◆ **PROBLEM DESCRIPTION**
Your output should be the lines below from the one with "Zahn ziehen –" through the one with "Na zdjęciu przedstawiono", copied exactly, pictures excluded.

◆ **AVAILABLE DATA**
*** Begin section ***
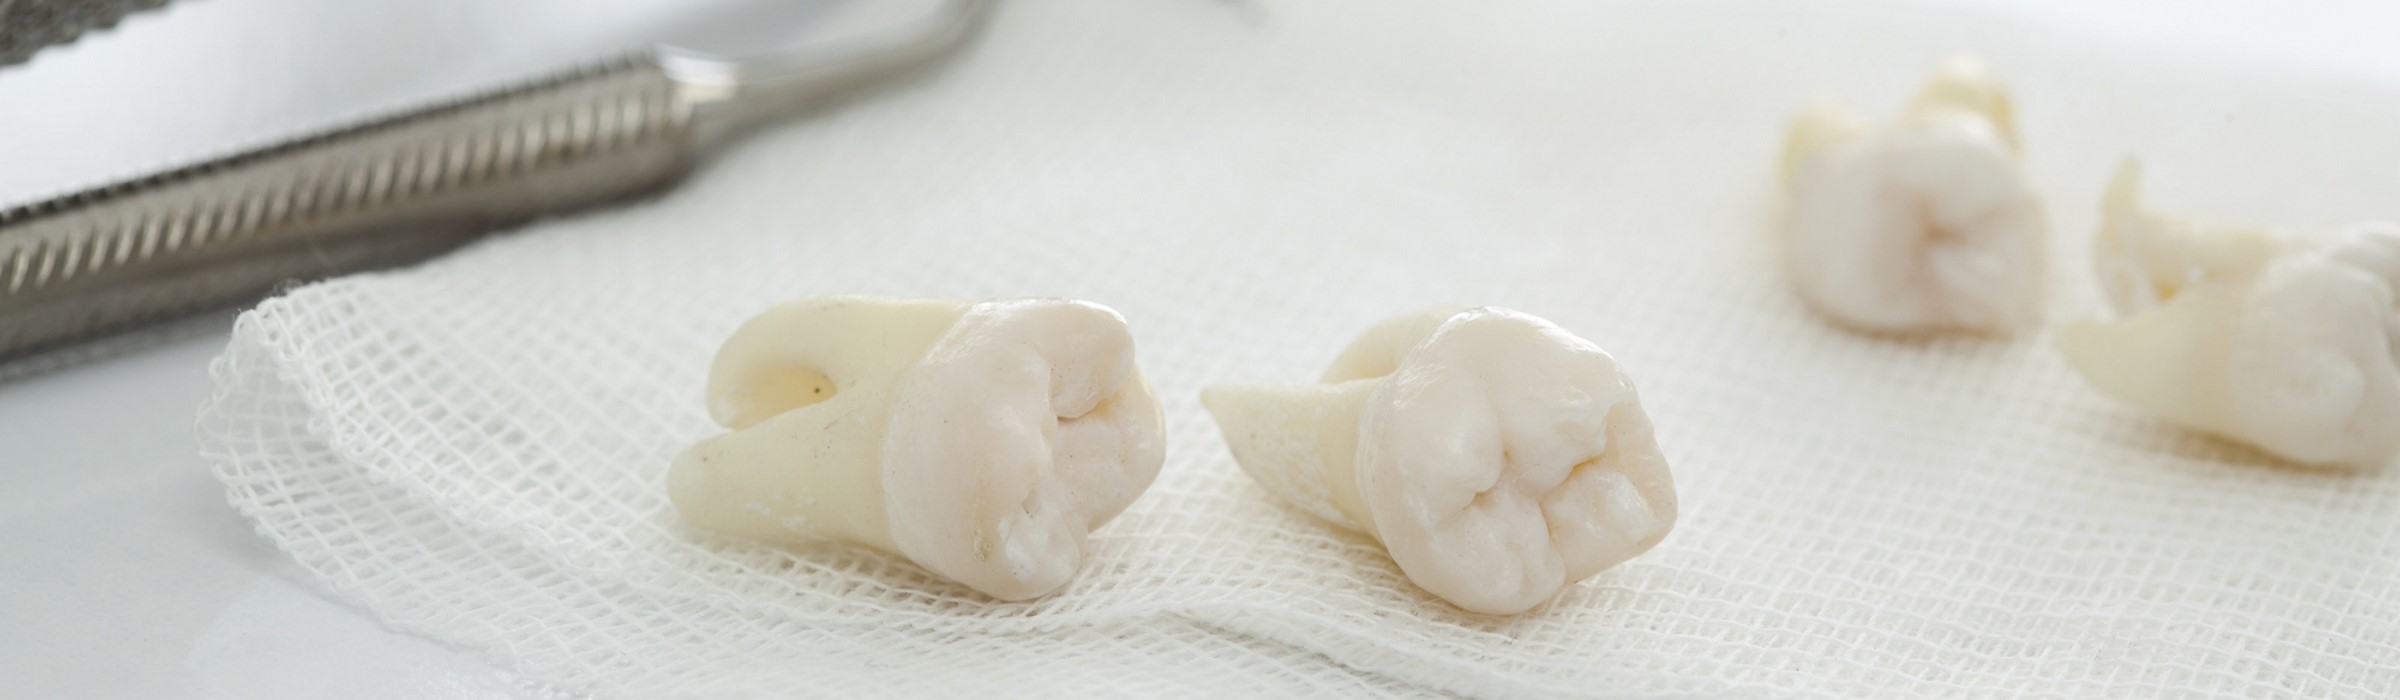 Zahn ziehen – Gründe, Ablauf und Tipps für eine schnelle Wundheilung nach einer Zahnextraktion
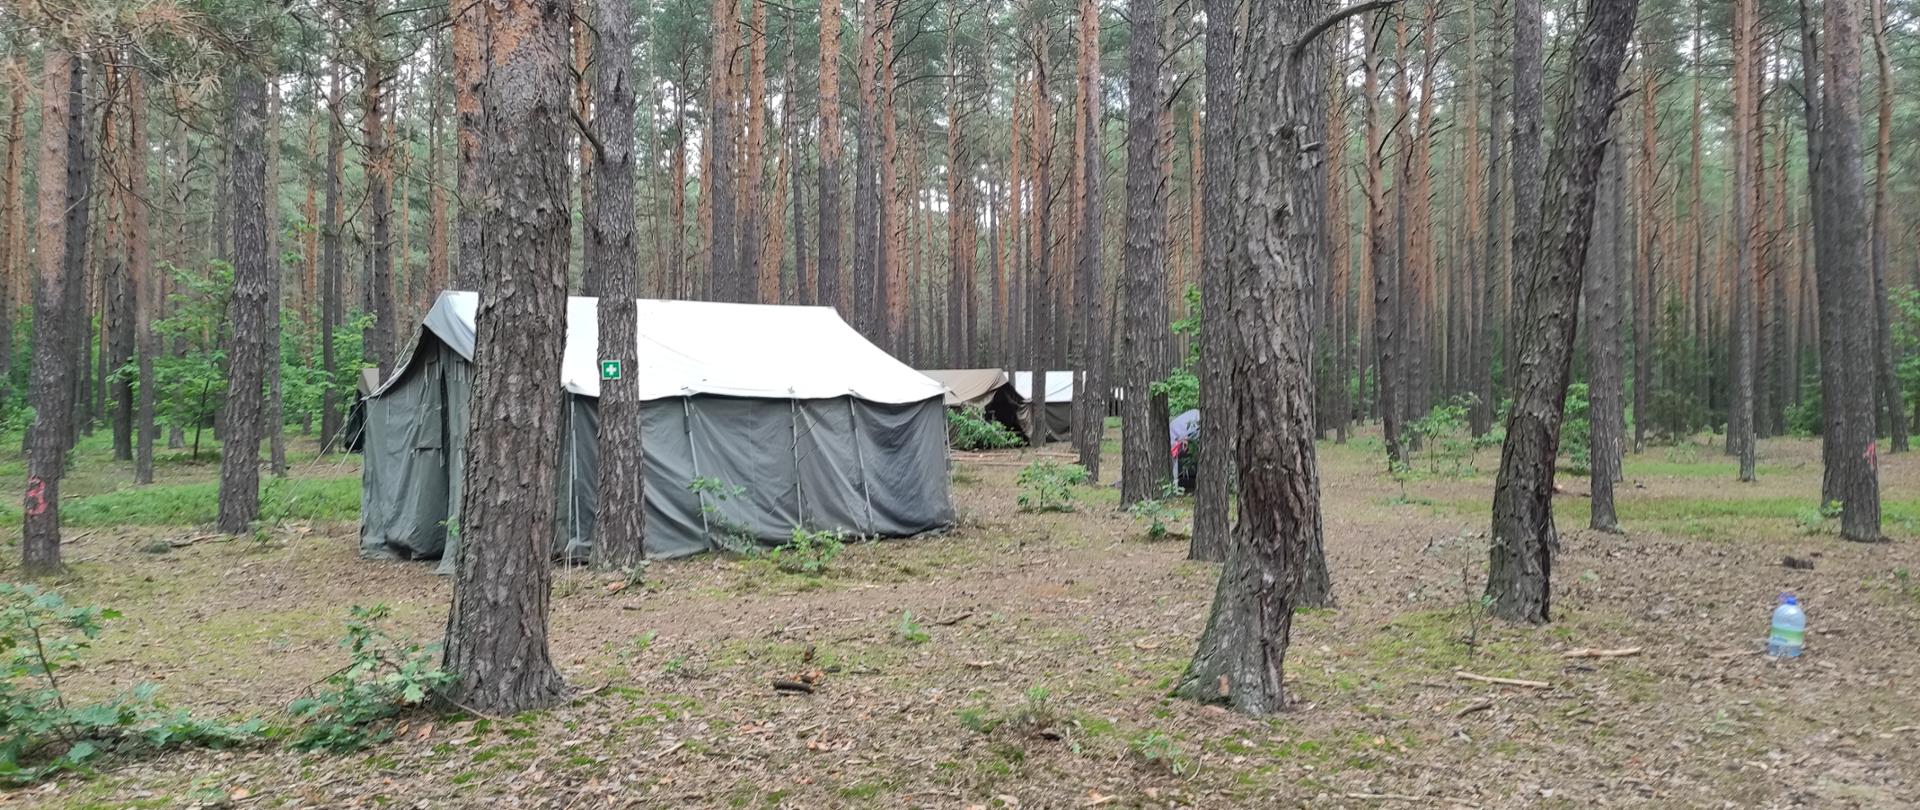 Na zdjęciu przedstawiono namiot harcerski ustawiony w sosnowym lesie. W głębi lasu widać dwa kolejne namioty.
*** End section ***
*** Begin section ***
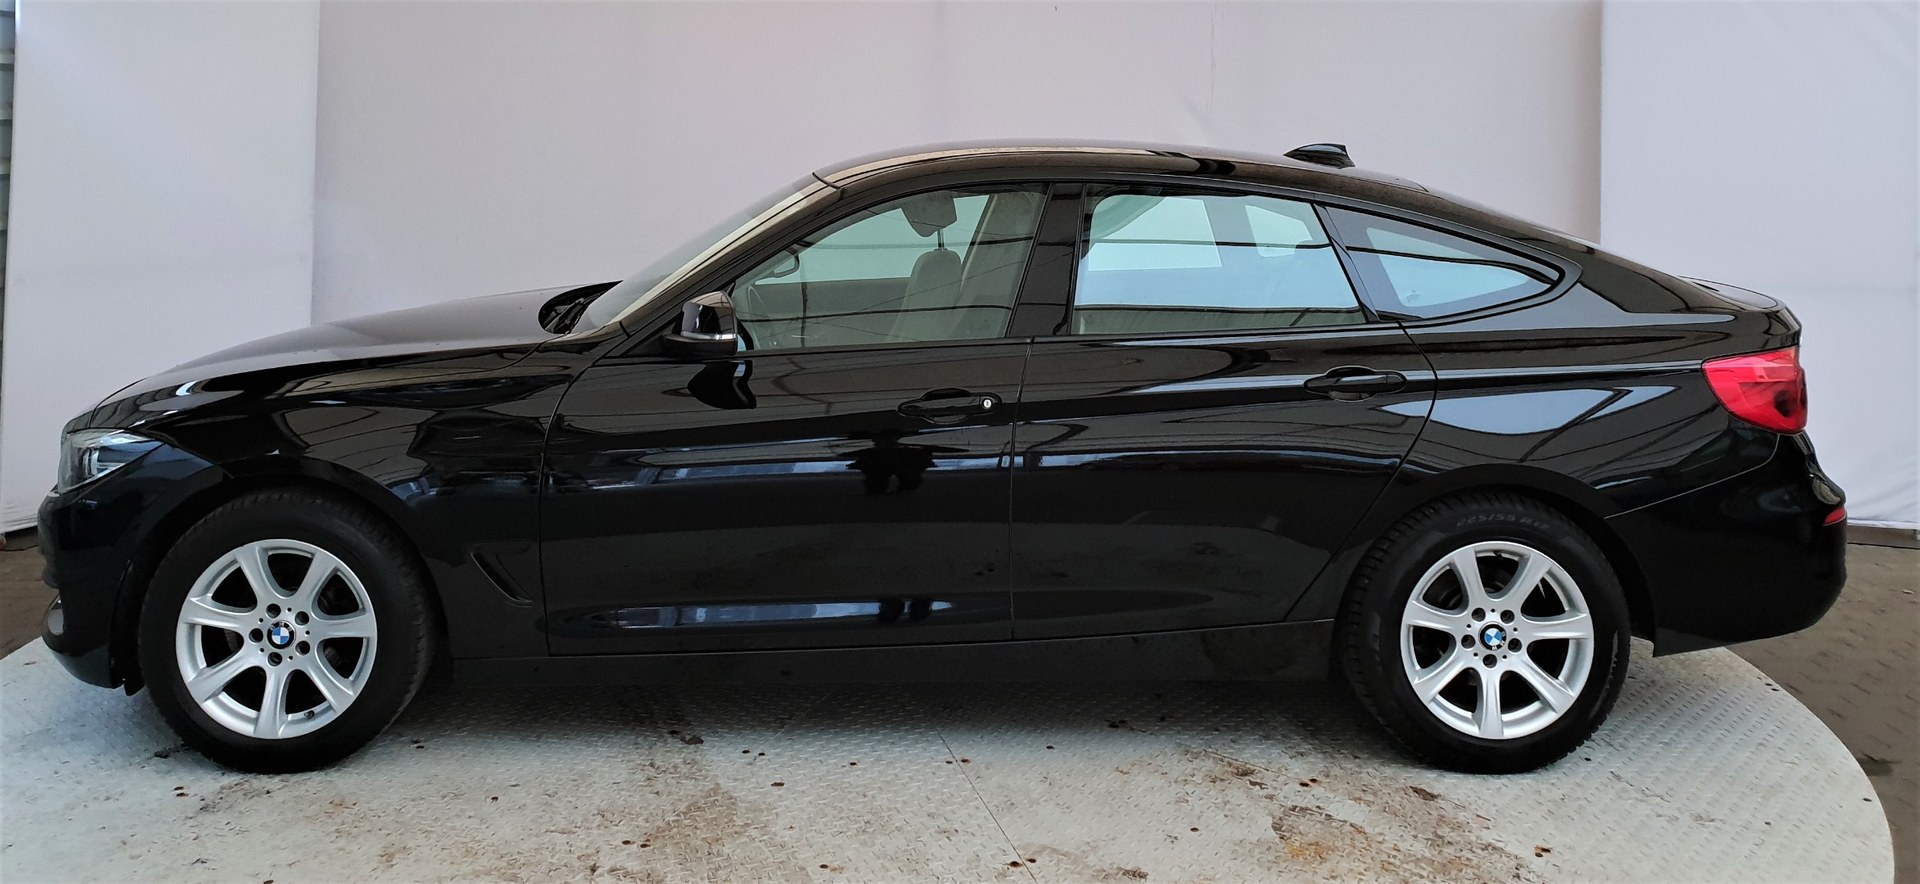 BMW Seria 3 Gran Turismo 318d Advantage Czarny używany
*** End section ***
◆ **OUTPUT**
 Zahn ziehen – Gründe, Ablauf und Tipps für eine schnelle Wundheilung nach einer Zahnextraktion
 Na zdjęciu przedstawiono namiot harcerski ustawiony w sosnowym lesie. W głębi lasu widać dwa kolejne namioty.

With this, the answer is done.